- Download hadoop tar ball from stable hadoop release (1.2.1 was used with this example)
- Unzip the downloaded package into
/usr/local
or somewhere else if you have a preference - Create symlink:
ln -s /usr/local/hadoop-1.2.1 /usr/local/hadoop
- Export a several environment variables:
export HADOOP_HOME=/usr/local/hadoop
export PATH=$PATH:$HADOOP_HOME/bin
In this section, we will run simple word count MapReduce job using Streaming under single node setup.

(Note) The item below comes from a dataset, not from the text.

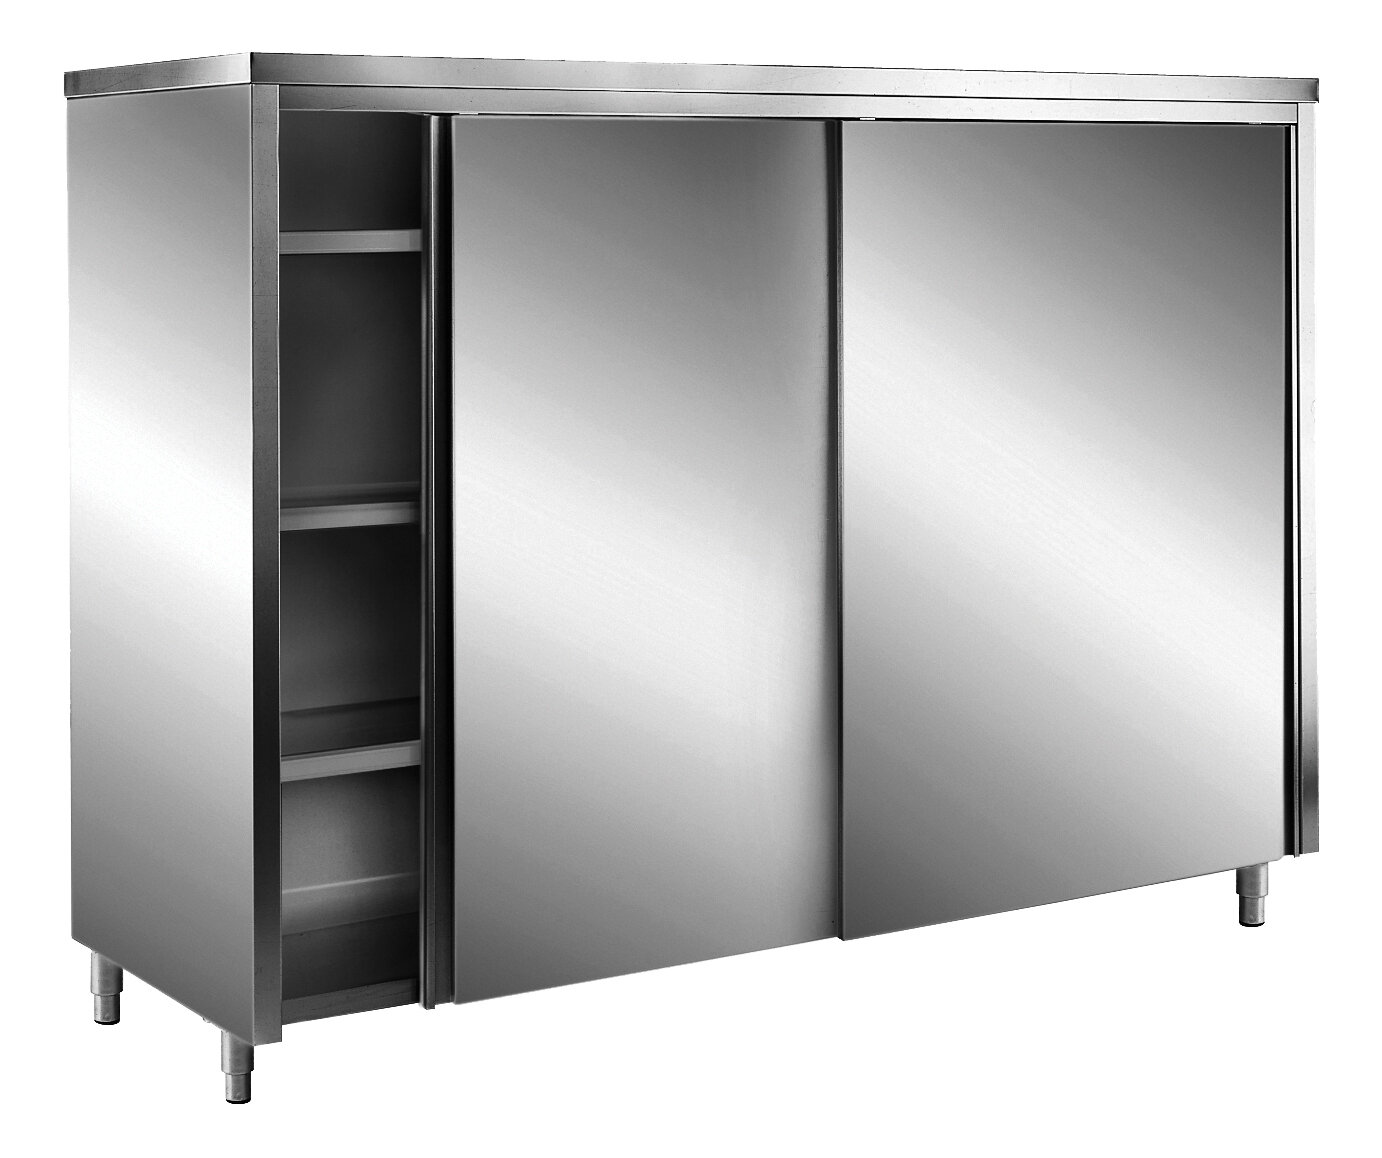 SARO Stainless steel storage cabinets with sliding doors AISI 304, flat roof, 1800x700

Our map function will break down a sentence into a word and emit each of them with value 1.
# src/word_count_map.py
#!/usr/bin/env python
import re
import sys
for line in sys.stdin:
sentence = line.strip()
sentence = re.sub(r'[,.]', '', sentence)
for word in sentence.split():
print '%s\t%s' % (word, 1)
Our reduce function will count total occurence of each word.

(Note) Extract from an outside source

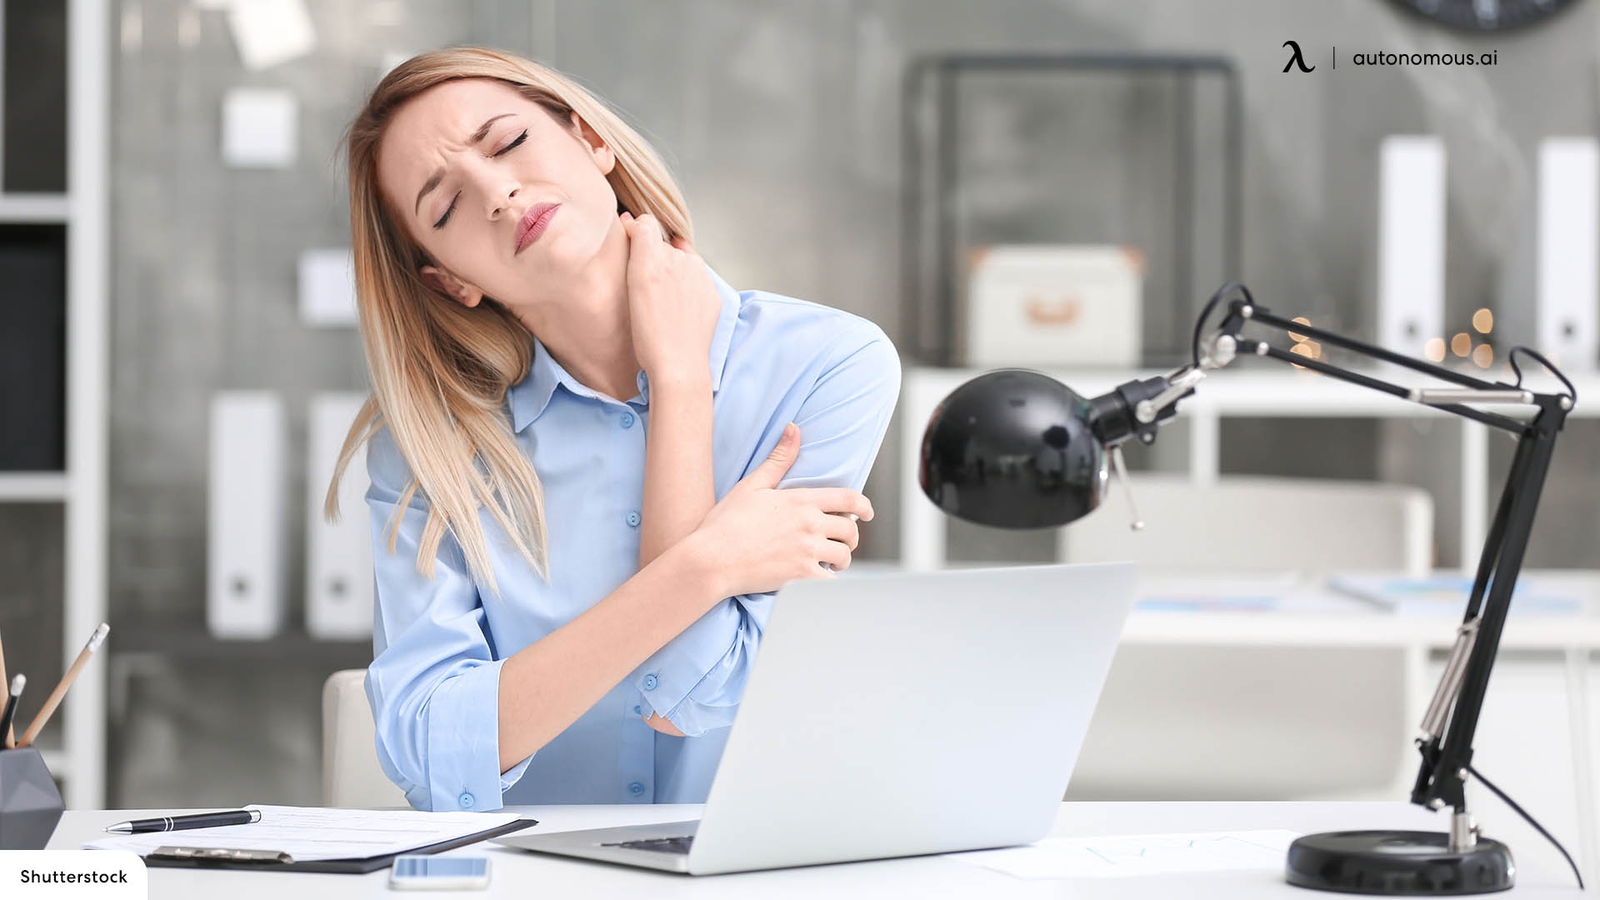 Why Do You Suffer Neck Pain Sitting At Desks?

# src/word_count_reduce.py
#!/usr/bin/env python
import sys
(last_word, count) = (None, 0)
for line in sys.stdin:
(word, val) = line.strip().split('\t')
if last_word and last_word != word:
print '%s\t%s' % (last_word, count)
(last_word, count) = (word, 1)
else:
(last_word, count) = (word, count + 1)
if last_word:
print '%s\t%s' % (last_word, count)
Now we can run this MapReduce function using hadoop:
hadoop jar $HADOOP_HOME/contrib/streaming/hadoop-streaming-*.jar \
-input data/sentences.txt \
-output output \
-mapper src/word_count_map.py \
-reducer src/word_count_reduce.py
If the job is successful, it should create output
directory and output/part-00000.txt
, which contains a result.
- On Mac OS X, make sure Remote Login (under System Preferences -> Sharing) is enabled for the current user
- Make sure you can ssh to localhost:
ssh localhost
- Format a namenode of HDFS:
hadoop namenode -format
- Copy required pseudodistributed configs:
cp pseudodistributed/* $HADOOP_HOME/config
- Start HDFS (a namenode, a secondary namenode and a datanode):
start-dfs.sh
(You can check if it's successful by accessing http://localhost:50070/) - Start MapReduce (a jobtracker and a task tracker):
start-mapred.sh
(You can check if it's successful by accessing http://localhost:50030/)
That's all. You are now running HDFS and MapReduce locally!